I am working on a model that includes several REs and a spline for one of the variables, so I am trying to use gam()
. However, I reach memory exhaust limit error (even when I run it on a cluster with 128GB). This happens even when I run the simplest of models with just one RE. The same models (minus the spline) run smoothly and in just a few seconds (or minutes for the full model) when I use lmer()
instead.
I was wondering if anyone had any idea why the discrepancy between gam()
and lmer()
and any potential solutions.
Here's some code with simulated data and the simplest of models:
library(mgcv)
library(lme4)
set.seed(1234)
person_n <- 38000 # number of people (grouping variable)

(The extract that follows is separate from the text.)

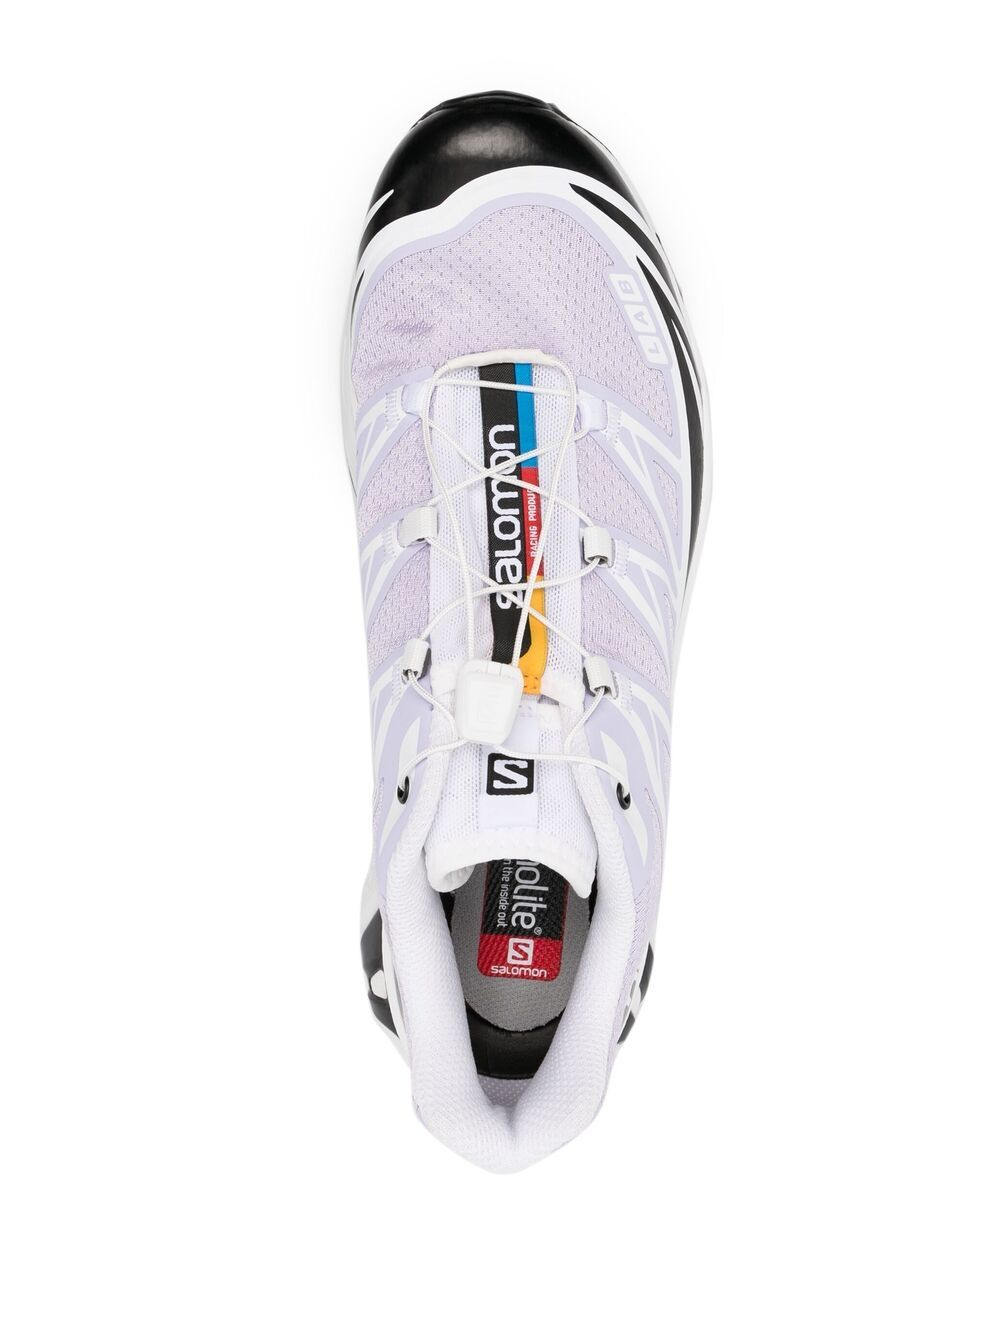 Salomon S/Lab sneakers xt-6 uomo bianco SALOMON S/LAB | Sneakers | L41317200
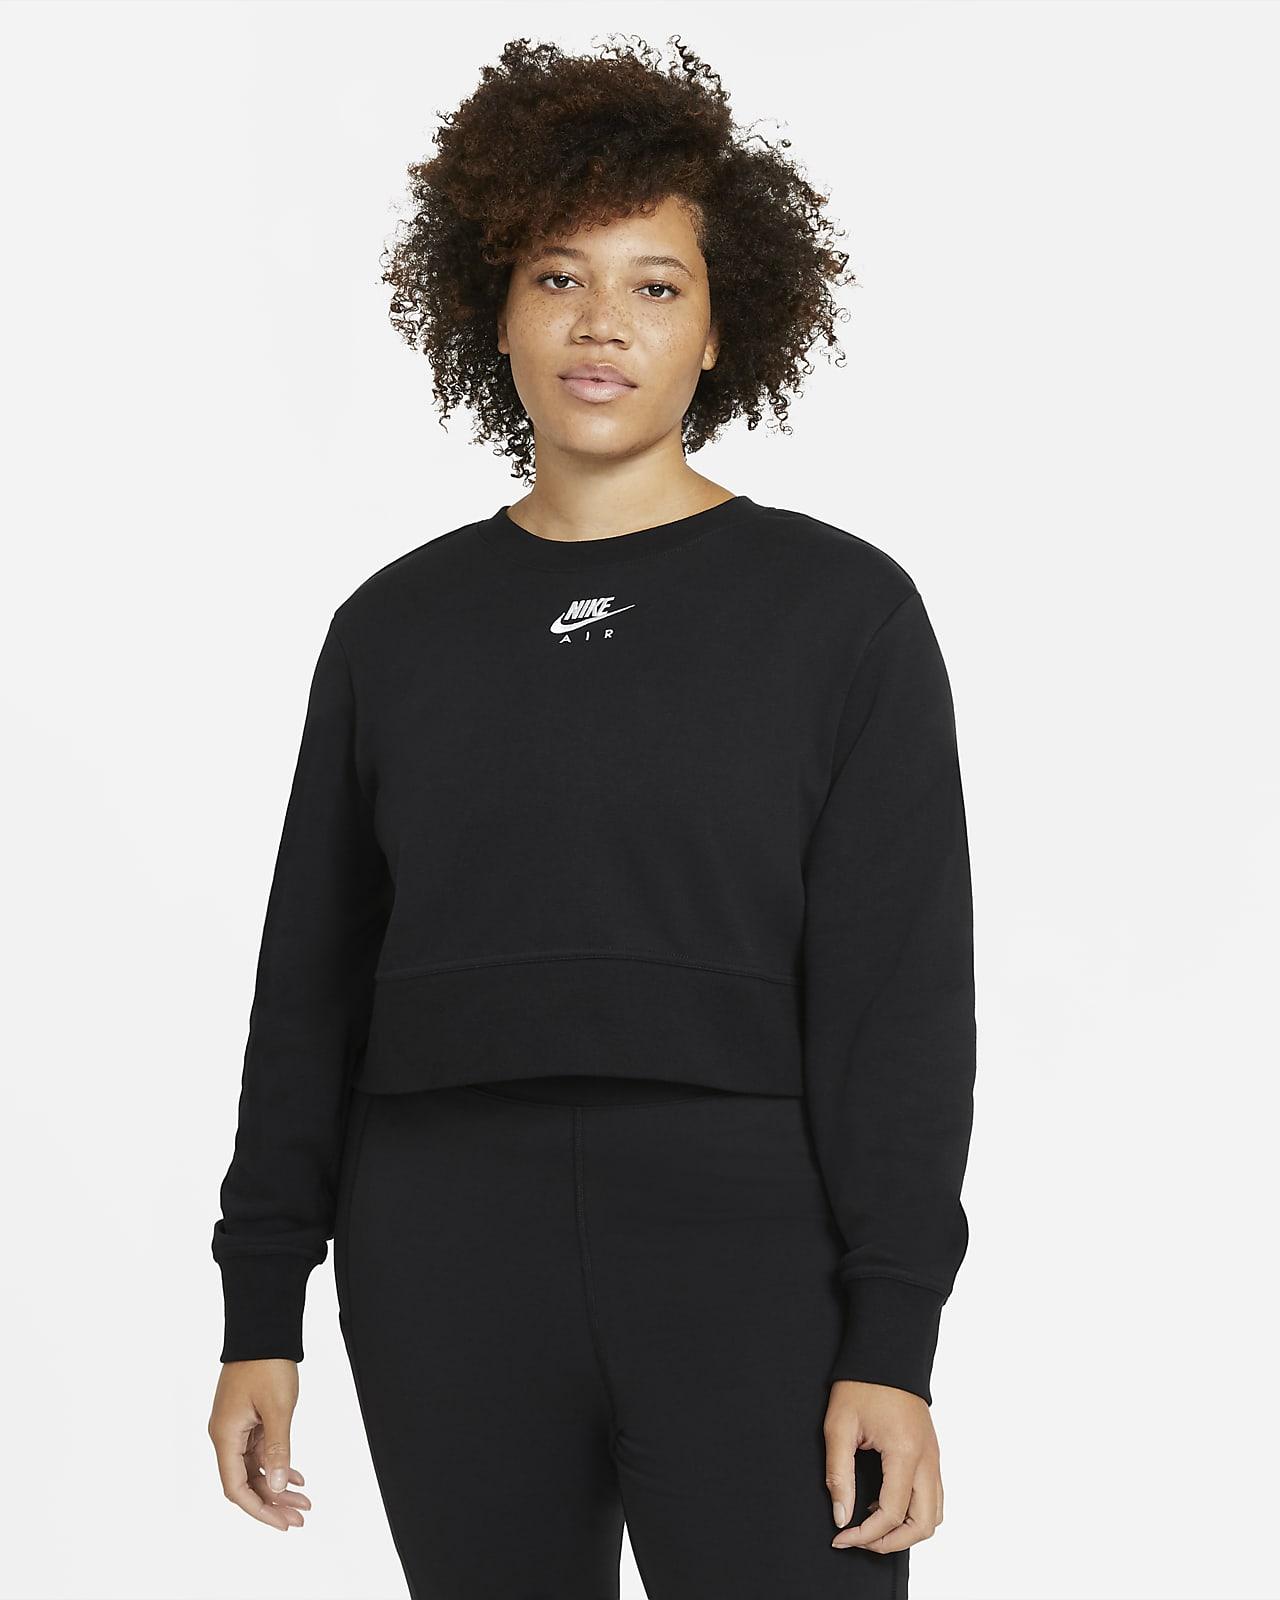 Bluza damska Nike Air (duże rozmiary)

n_j <- 15 # number of data points per person
B1 <- 3 # beta for the main predictor
n <- person_n * n_j
person_id <- gl(person_n, k = n_j) #creating the grouping variable
person_RE <- rep(rnorm(person_n), each = n_j) # creating the random errors
x <- rnorm(n) # creating x as a normal dist centered at 0 and sd = 1
error <- rnorm(n)
#putting it all together
y <- B1 * x + person_RE + error
dat <- data.frame(y, person_id, x)
m1 <- lmer(y ~ x + (1 | person_id), data = dat)
g1 <- gam(y ~ x + s(person_id, bs = "re"), method = "REML", data = dat)
m1
runs in just a couple seconds on my computer, whereas g1
hits the error:
Error: vector memory exhausted (limit reached?)